I remember the first time I asked my mother about being pretty. I don’t remember the exact conversation we had verbatim or how I started that conversation but the gist of what transpired was that I was having an ugly duckling life. I wanted to know if I was pretty. If I couldn’t know that I was pretty, or at least attractive, then I wanted something to make me feel better so that I could live with the alternative. I hoped by asking the question, I would hear a response that would make me feel okay about myself.
In my mind, a female was not worth much nor did she get much attention unless she was attractive. In short, boys were not going to give me special valentines in grade school and when I got old enough, they were not going to date me. If I were attractive, I thought, people would like me more, smile at me more, include me in their circle, tolerate me more,and in general be more open to me. I wanted all that. I wanted to pound on that three-foot thick glass wall between where I was and where I wanted to be until I smashed it into a million pieces. What I wanted, no, what I thought I needed, was so close I could see it but I could not reach it through that wall.

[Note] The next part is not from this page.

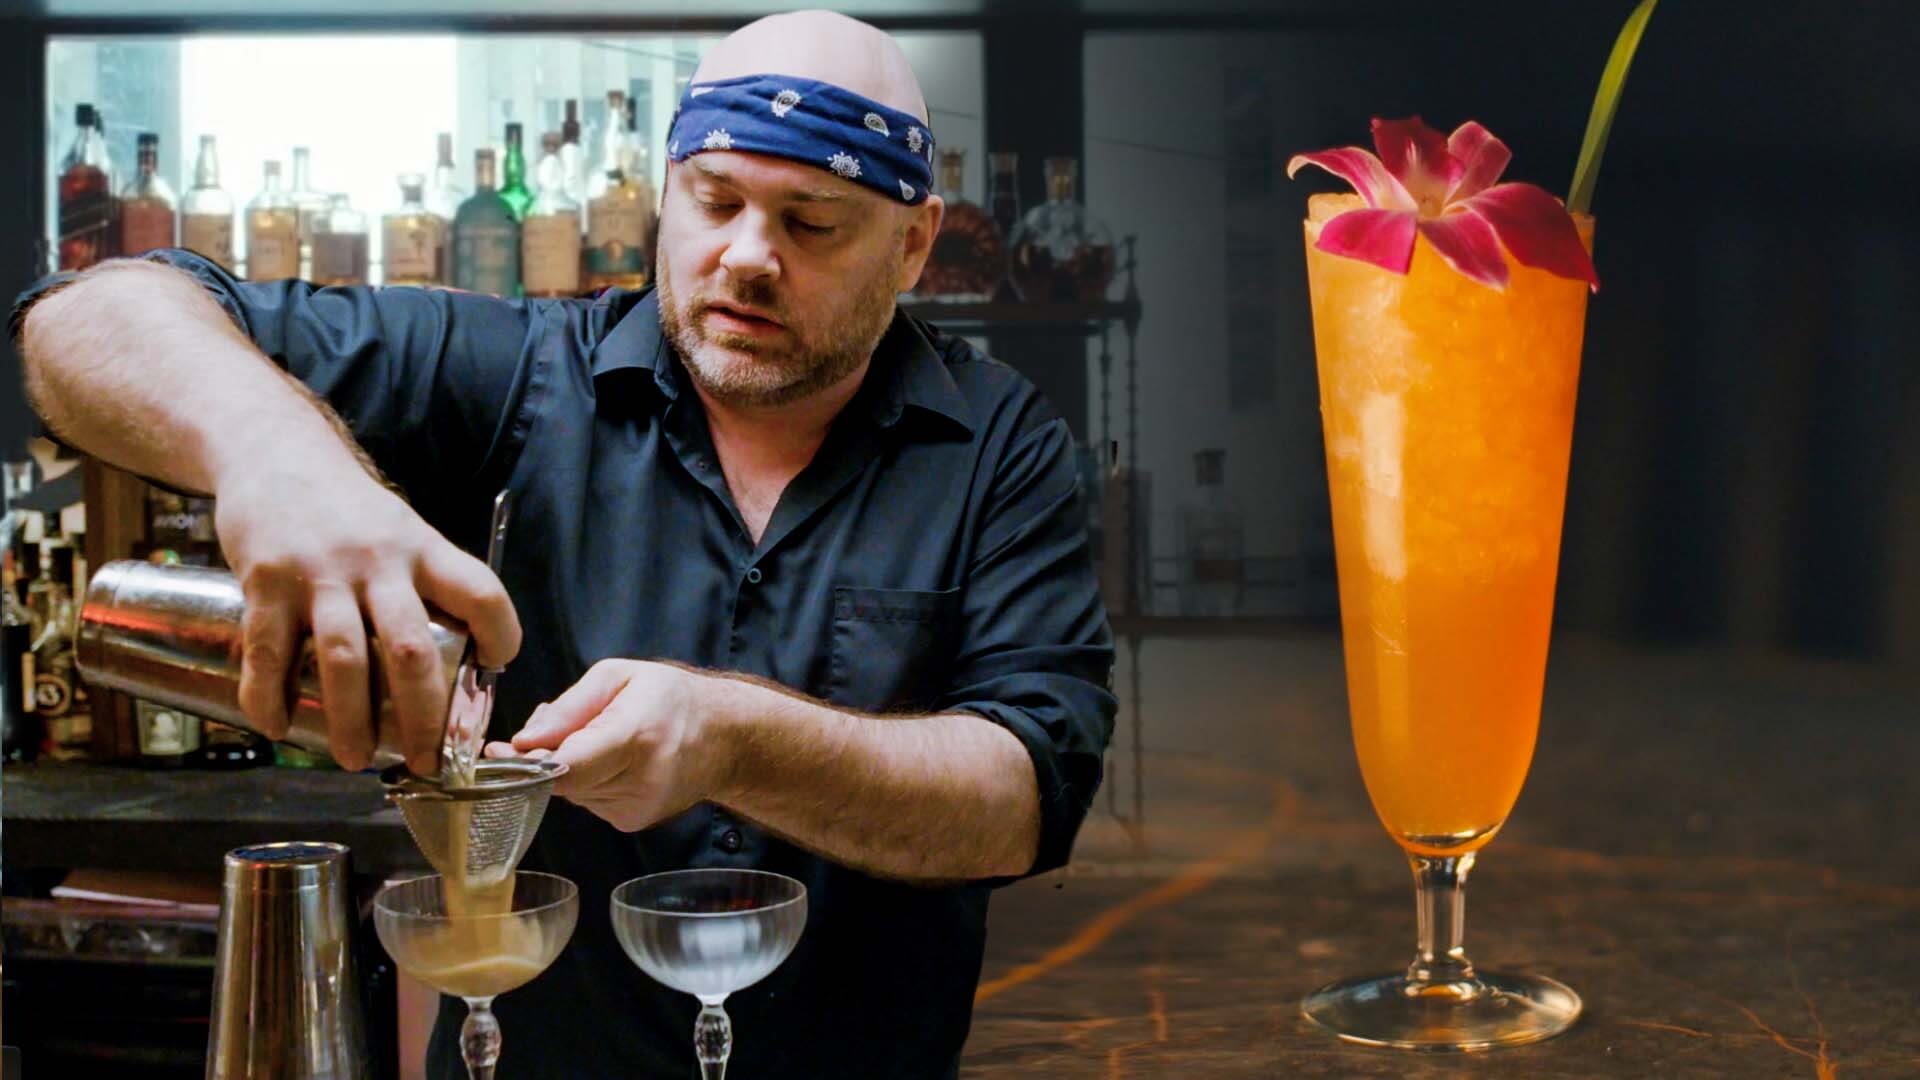 10 Best Bartending Kits 2023 - Cocktail Making Sets for Home Bar

I remember that Mama gave me the most over-used, but tried-and-true answer to that question. What else could she say to me, an awkward, shy, lonely little girl, accept that real beauty is inside? Today I know that beauty really is inside and that this beauty is pure love. Back then what I was really seeking was love, not physical beauty, but I didn’t know that. I thought physical beauty would bring me love and I would feel good about myself. I though if I were being sought after, admired, accepted or invited into the inside group, or was popular I would be okay. At that time I thought this would be proof to me that I was loved or worthy of love – that I was okay and normal. It was a matter of my chasing my own tail so to speak. It got me nowhere. I didn’t know until much later in life, that once I found that love inside of myself and learned to be okay with me, that I didn’t need the other things. I could feel love and be love with or without them. I could be thankful for all things but I already had what I needed, what I had searched for all my life.
I can not say that I never feel that I am not okay or good enough. Old habits and feelings can sneak up on me, on any human being, from time to time because these habits and feelings become so ingrained, so habitual. What I can say is that Love never leaves me. I can lose consciousness of it but I can never lose it. It nourishes me and fulfills me because that is all I wanted all along.
Am I beautiful? Yes I am. And so are you. How did I get to that place? That is a subject for another chapter.